1º de abril de 2026.
Dizem que hoje é dia da mentira. Mas há dias em que a mentira não é brincadeira — é espelho.
Chamam esta de Quarta-feira de Trevas. E talvez seja mesmo. Não por causa da ausência de luz lá fora, mas pelas sombras que a gente carrega por dentro. Há um silêncio diferente no ar, como se o mundo, por um instante, pedisse que a gente parasse de rir das pequenas farsas e encarasse as grandes.
Quantas vezes fomos Judas?
Não aquele das histórias antigas, distante, fácil de condenar. Mas o Judas íntimo, cotidiano, que mora em decisões pequenas e silenciosas. Aquele que trai sem alarde — um sentimento, uma promessa, um olhar que prometia ficar e foi embora.
Fomos Judas quando dissemos “estou com você” e não estávamos.

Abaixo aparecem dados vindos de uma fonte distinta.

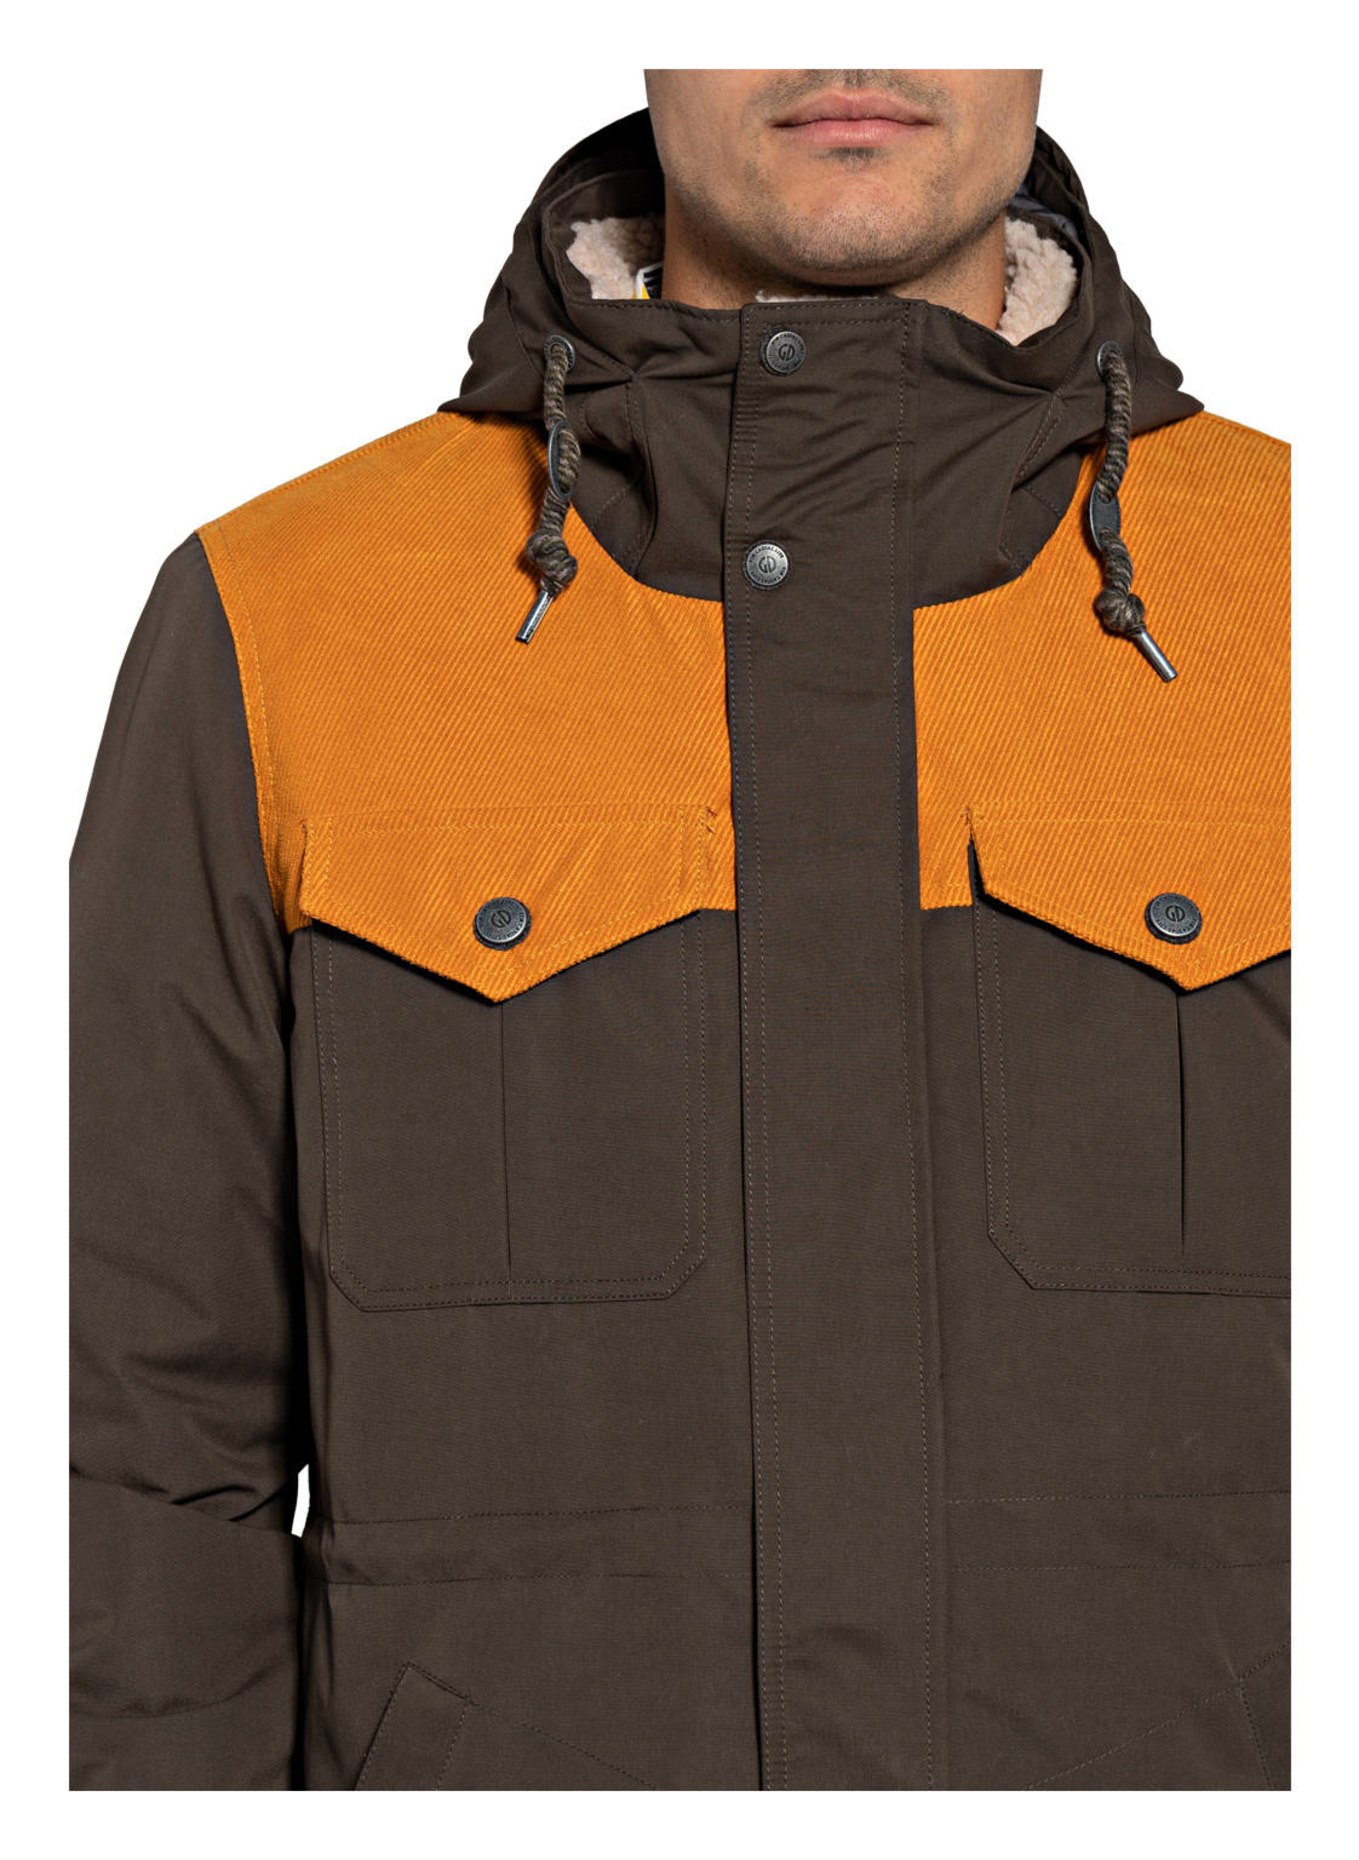 G.I.G.A. brown/ killtec STORMIGA by orange jacket dark DX in Outdoor

Quando escolhemos o conforto da omissão em vez da coragem da verdade.
Quando trocamos alguém — ou a nós mesmos — por moedas que nem valiam tanto assim: orgulho, medo, vaidade.
E talvez a pior das traições não seja a que fazemos aos outros.
É a que fazemos com quem somos.
Quantas vezes nos abandonamos?
Quantas vezes silenciamos nossos próprios sonhos para caber em expectativas alheias?
Quantas vezes fingimos não sentir, não querer, não precisar — só para evitar o risco de sermos feridos?
Hoje, nessa quarta-feira estranhamente pesada, não dá para fugir dessa pergunta: em que momento eu me deixei para trás?
Há uma dor mansa em reconhecer isso. Mas também há algo de necessário. Porque só quem admite a própria sombra começa a procurar a luz.
Talvez essa seja a verdadeira travessia do dia de hoje: não a das mentiras contadas em tom de riso, mas a das verdades que evitamos dizer a nós mesmos.
Se fomos Judas, também podemos ser reencontro.
Se traímos, também podemos escolher reparar.
Se nos perdemos, ainda podemos voltar.
A Quarta-feira de Trevas não precisa ser o fim.
Pode ser o ponto exato onde a gente finalmente decide não se abandonar mais.
E isso, no meio de tantas sombras, já é um começo.